# Eliquid shops Faerie Glen or surrounding



## kyle_redbull (19/3/16)

Hi all please could you advise where there is a vapour store or Eliquid suppliers around Faerie Glen or surrounding? 

Sent from my LG-D855 using Tapatalk


----------



## kyle_redbull (19/3/16)

Or Menlyn 

Sent from my LG-D855 using Tapatalk


----------



## kyle_redbull (19/3/16)

I know someone mentioned moreletta Park or somewhere 

Sent from my LG-D855 using Tapatalk


----------



## valdero (19/3/16)

Eciggies perhaps


----------



## kyle_redbull (19/3/16)

They closed at 12 on Saturday and don't open on Sundays help please 

Sent from my LG-D855 using Tapatalk


----------



## Rossouw (19/3/16)

Try the vapery, I think they have agents in Arcade Empire and Rossouw street

Reactions: Like 1


----------



## GerharddP (19/3/16)

Rossouw said:


> Try the vapery, I think they have agents in Arcade Empire and Rossouw street


True that

Reactions: Like 1


----------



## Schnappie (19/3/16)

I have the same delimma here in Faerie Glen hoping for a walk in shop to open.

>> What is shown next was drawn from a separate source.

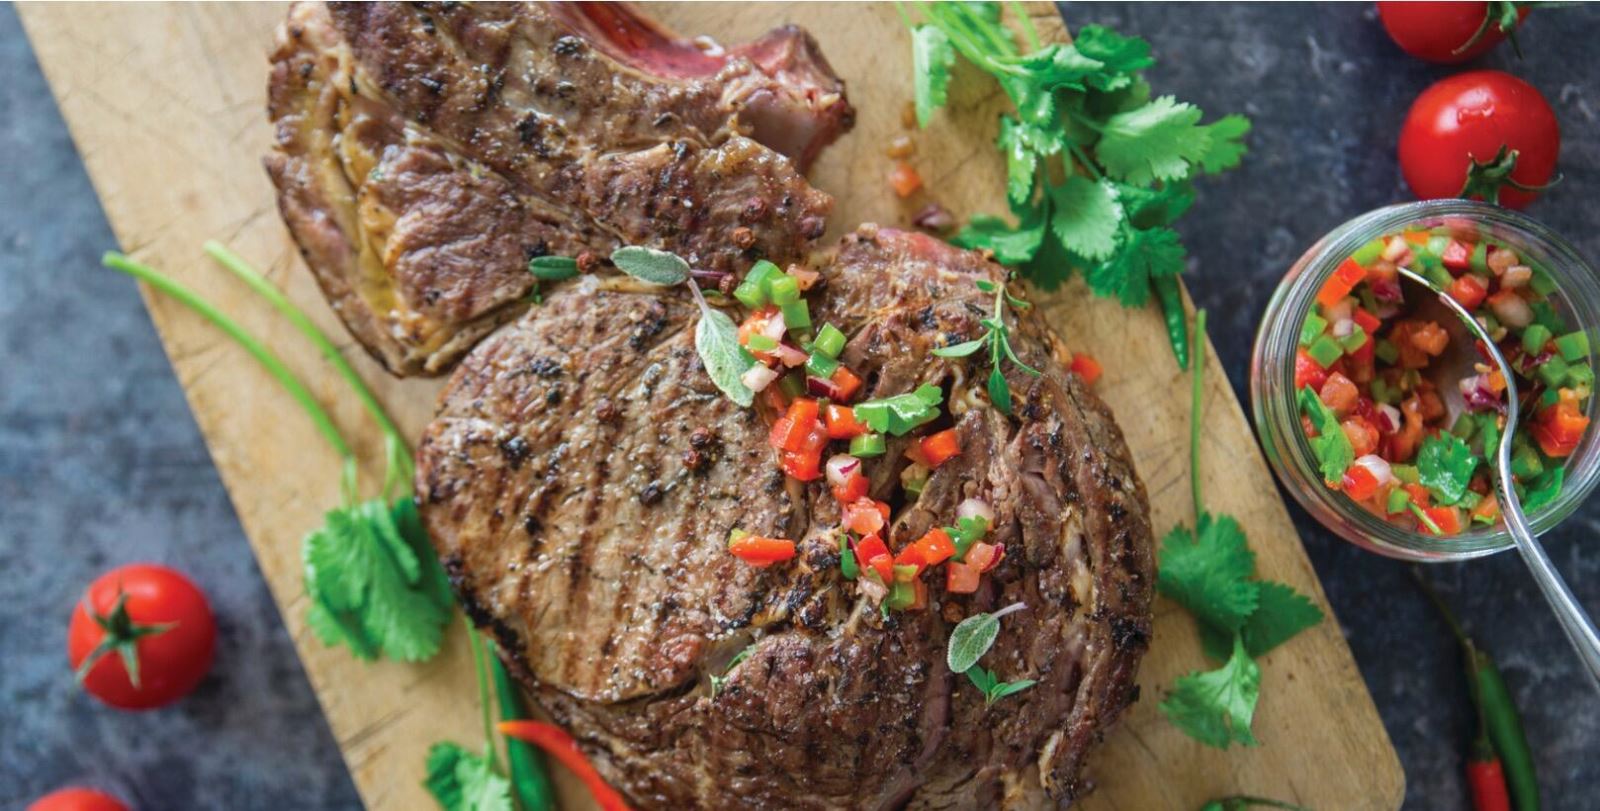 Prime rib steak with criolla salsa

Closest is definitely Eciggies in Moreleta or Vapers Corner in Wilgers but you have to buy online and arrange to collect. The Nobel Tobacconist in new area of menlyn shopping centre does stock eliquids and ecigs but at a premium

Reactions: Agree 1


----------



## Fogmachine (19/3/16)

Fog Machine is in Faerie Glen. We are an online store with DIY and e-liquid. I am away for the weekend but could help on Monday morning.


Sent from my iPhone using Tapatalk


----------



## Silver (19/3/16)

Thread moved to the "Who has stock" subforum
So that vendors can reply directly here if they choose to.

@kyle_redbull , perhaps check with some of the vendors that may have branches or agents in the area you are looking for.

Reactions: Like 1


----------



## vaporbud77 (20/3/16)

Hey man maybe try @Mike in queenswood I'm sure he'll be willing to help you 

Sent from my SM-N910F using Tapatalk

Reactions: Like 1


----------